Agent Sends Full Conversation History on Every API Call — Ballooning Input Costs

Symptom

API costs grow quadratically as conversation length increases
A 100-turn conversation costs 50x more than a 10-turn conversation
Input token count keeps growing even when the agent is answering simple questions
Session costs spike for long-running autonomous agents
History from 2 hours ago is still being sent on every call — most of it irrelevant
Context window fills up before the agent finishes a long task — not from new content but from accumulated history

Root Cause

Conversation history is accumulated linearly but billed quadratically. If a conversation has N turns averaging T tokens each, by turn N the agent is sending N×T tokens of history on every single call.

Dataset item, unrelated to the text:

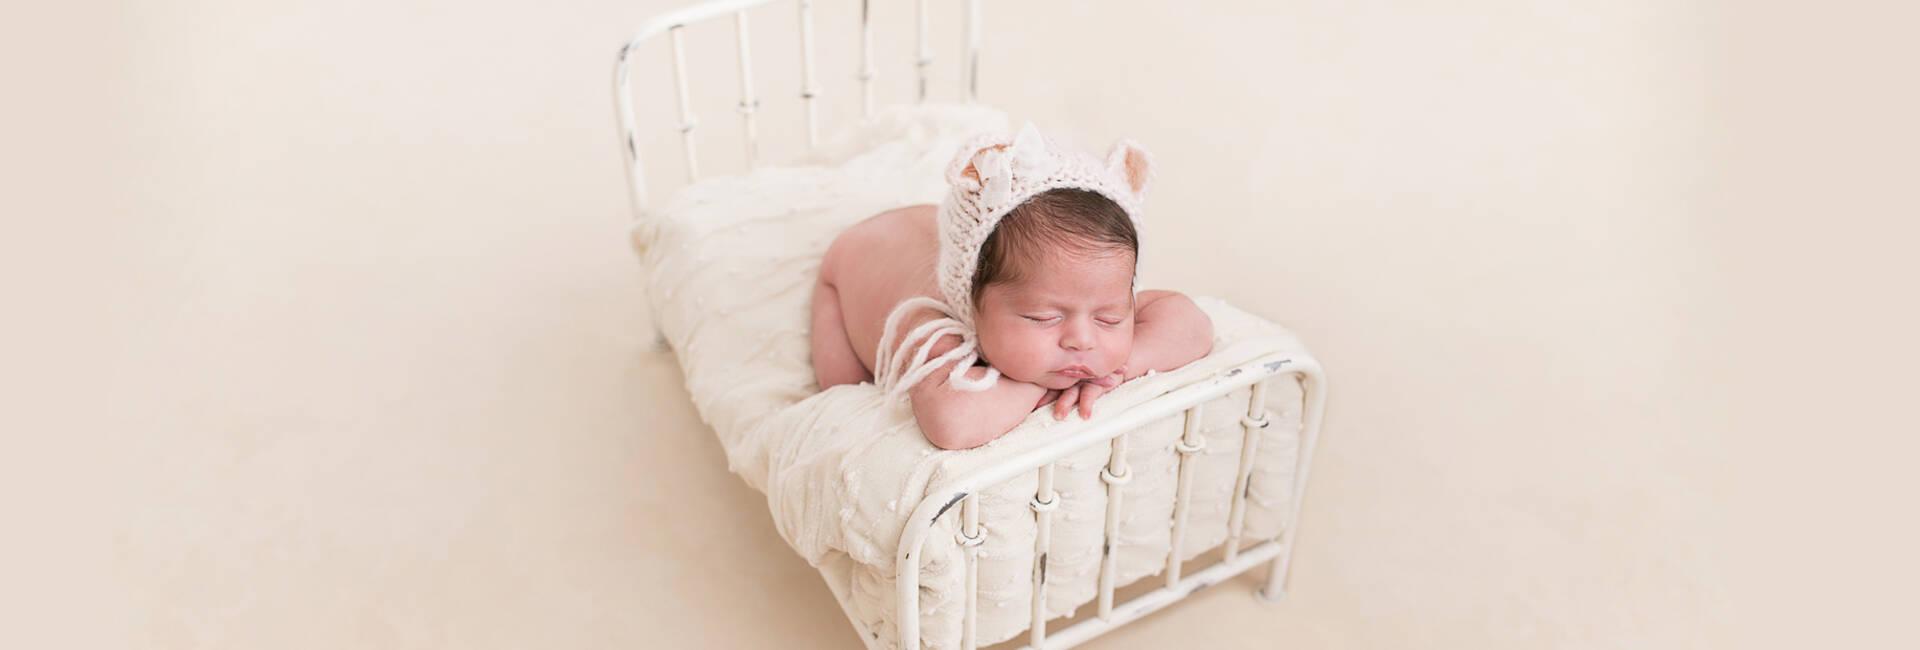 Newborn de ♥

A conversation that produces 100,000 total tokens will bill for 100,000 + 99,000 + 98,000 + … = ~5,000,000 input tokens — 50x the actual content produced. The fix is to aggressively trim, summarize, or window the history so the input token count stays bounded regardless of conversation length.

Fix

Option 1: Sliding window — keep only the most recent N turns

import anthropic
from dataclasses import dataclass, field

client = anthropic.Anthropic()

@dataclass
class SlidingWindowSession:
    """
    Keeps only the most recent N turns in the active context.
    Simple and effective — prevents unbounded history growth.
    """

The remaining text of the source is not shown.